Despite my minor illness, I managed to watch all of the miniseries version of Battlestar Galactica, and I’m duly impressed. TV science fiction with some brains. Much has been made of the show’s depth of characters, and that’s generally true, but it had some swell battle sequences too, so what else do you need in space opera?
My favorite detail, among many good ones: the crew of the Galatica uses paper. The computers spit out slips of paper and the characters read them (and in one case that I noticed, disposed of it into a memory hole). I don’t know if that’s supposed to be a retro feature of the ship, since it was supposed to be an older vessel, but still. Makes perfect sense to me. The facile thinking that informs much speculative fiction on this point is that somehow paper and that excellent future (or alternate world, in this case) in which people can build fantastic spaceships are incompatible. But why? Because it’s just not futuristic, that’s why.
I doubt that the series will ever be quite so realistic, however, that the ship’s pursuer will warn Commander Adama that their paper supplies are running dangerously low, and that something will have to be done about it, such as raiding a forested planet for wood pulp. Which infests the ship with extraterrestrial termites – and the people on board too, making some them aggressively homicidal – and so on.
I’m glad it’s a SciFi Channel production and not, say, HBO. The BSG miniseries had a bit of (arguably) gratuitous fornication, but not all that much. No doubt there will be more in the rest of the series. Still, in HBO’s hands, there probably would have been a couple of scenes of hot lesbian Cylon action just in that first three hours.
Got a letter from the Behemoth Insurance Co., which insures a couple of aspects of my life.

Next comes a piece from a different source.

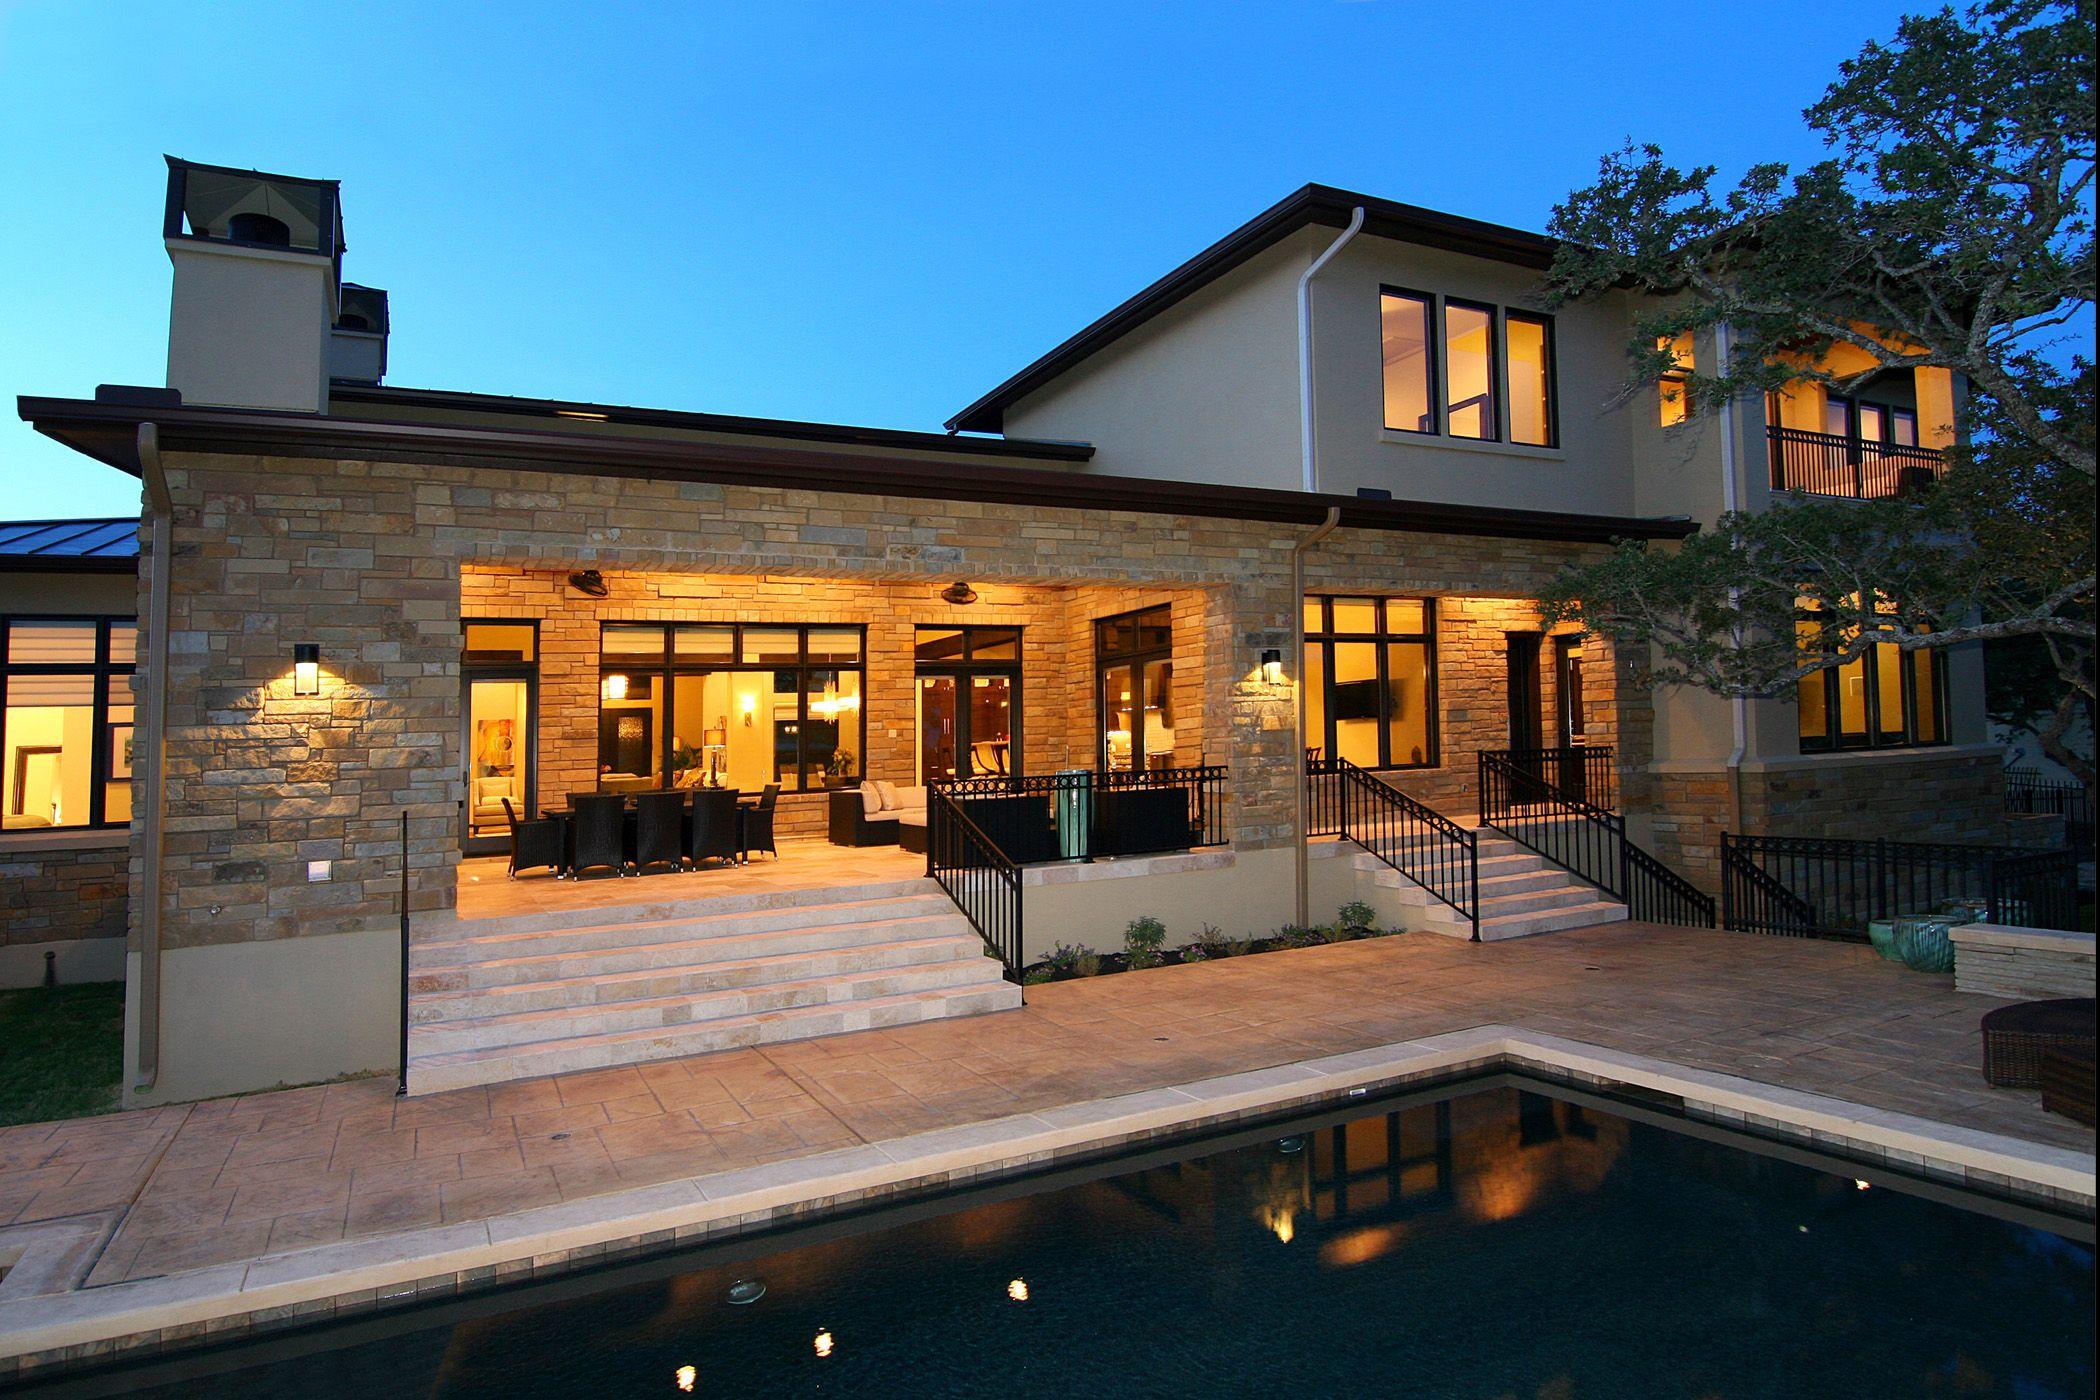 texas hill country homes exteriors | Austin Exterior Home ...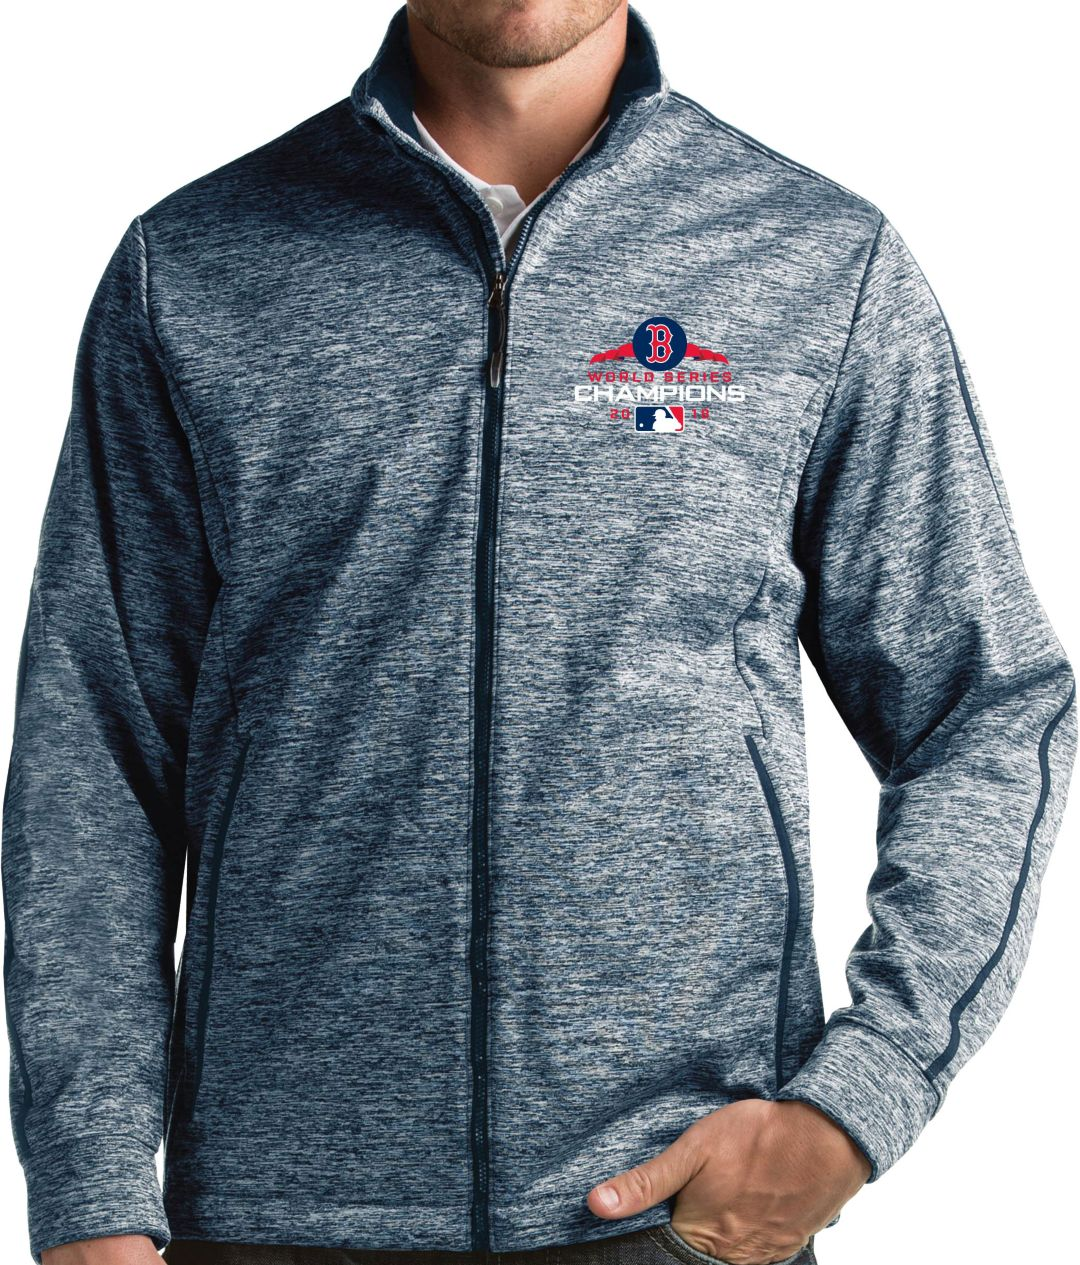 new product a71f8 b3d89 Antigua Men s 2018 World Series Champions Boston Red Sox Navy Golf Jacket.  noImageFound. 1

The blarney was thicker than usual: “Behemoth values your business and also values your opinions. In order to better serve and understand what’s important to customers like you, we are asking you to complete the enclosed one-page survey…”
To which I say, “Dear Behemoth, If you want me to do your research for you, consider offering a small discount on my premiums.” Which, of course, isn’t in the offing.
I’ve read most of The Five Weeks of Giuseppe Zangara, by Blaise Picchi, in recent days, an interesting work on a specialized subject: how one Giuseppe Zangara, an Italian bricklayer who became a US citizen in 1929, came to fire five shots at Franklin Roosevelt in early 1933 and nearly kill him just before he was to become president. History is full of what-ifs, and this is certainly one of them. Instead of FDR, of course, he killed Mayor Anton Cermack of Chicago, who for the trouble of dying in office at least got a major east-west road named after him (almost: Cermark is also sometimes known by its previous name, 22nd Ave.). That’s more than Big Bill Thompson ever got posthumously.
Ann’s now calling me “daddykins” sometimes. I like that a lot. I asked Lilly if she’d heard some character or another on TV use that term recently, but she said no.
1 Comments:
Exactly right! Where ARE you going to find tree-type resources for paper in outerspace? It's really just impractical. That is a funny detail. Haven't seen BSG, but enjoyed your review! "Memory hole." HA!